When California finally begins tallying votes, voila, the final count comes in with Nixon ahead by 500 votes. Even though Kennedy should have a clear victory in the Electoral College, the NPV rules require Kennedy strongholds of Illinois, Massachusetts, New Jersey, and Maryland (all current NPV compact members) to give all their votes to Nixon. Given the slim margin, both the Kennedy and Nixon campaigns start requesting recounts and filing legal challenges, counter-suits, and injunctions in almost every state in the Union.

California, Texas, Illinois, and New York are simultaneously adjusting their vote tallies when it becomes clear that Kennedy may still win the popular vote. Nixon supporters in California react by launching a signature drive for a ballot initiative to leave the NPV interstate compact. Meanwhile, disgusted with the possibility that a Republican may take the election, Mississippi's unpledged electors announce they will give their votes to Kennedy.

Lawsuits galore are now headed to the Supreme Court, and then, as an added twist, Kennedy supporters and the press start a campaign to pressure Eisenhower's Supreme Court nominees to recuse themselves from any election-related cases, because Nixon served as an advisor to the Eisenhower administration's nomination and vetting process. By the time the dust has settled the decision on how to resolve the crisis is left in the hands of only four justices with a real possibility of deadlock.
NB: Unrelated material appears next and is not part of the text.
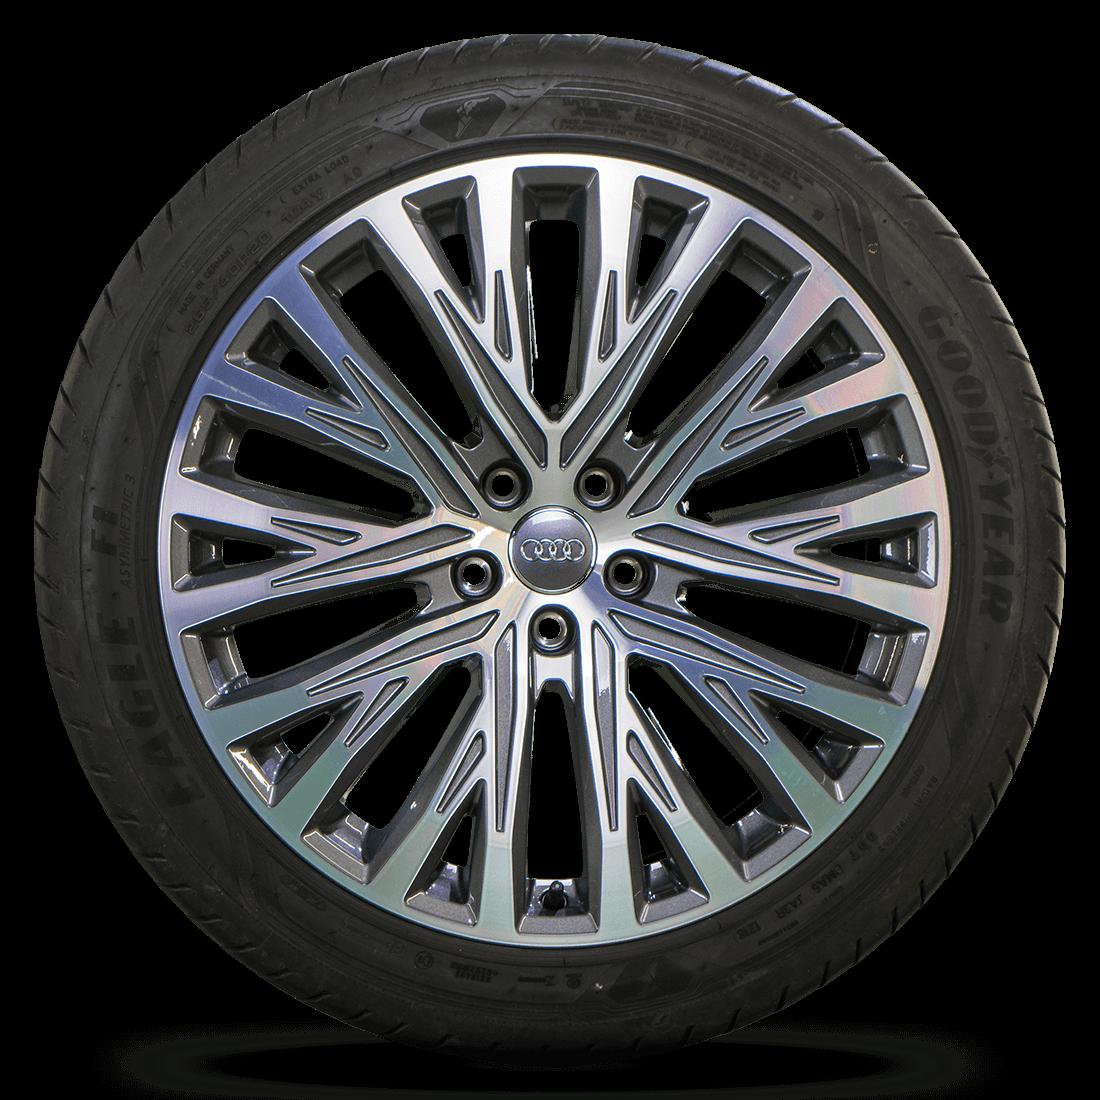 Original Audi 20 Inch Rims A8 S8 4N 4H Aluminum Rims Summer

As popular outrage builds with the escalating crisis, Eisenhower convenes all 50 governors at an emergency meeting in Dallas to consider the possibility of deploying the National Guard to maintain order. While traveling from the airport to his hotel, he is assassinated by a disgruntled Communist sympathizer named Lee Harvey Oswald. Nixon is sworn in as acting president while the results of his own election are still being litigated and tabulated. Massive riots and violence break out across the nation and Nixon declares "temporary emergency measures" in an attempt to bring the situation under control.

We are used to thinking of such a constitutional crisis as a preposterous and impossible scenario, but if the NPV ever goes into effect, this is exactly the sort of crisis that could happen in the very near future. In fact, the Heritage Foundation and the State Leadership Foundation hosted an event this morning with Senate Minority Leader Mitch McConnell which examined just these sorts of problems. As former Federal Election Commission Chairman Bradley Smith once observed, “We are so accustomed to stable, generally good government that we sometimes forget that failure of government structures is historically much more common than success.…[W]e tinker with our success at our peril.”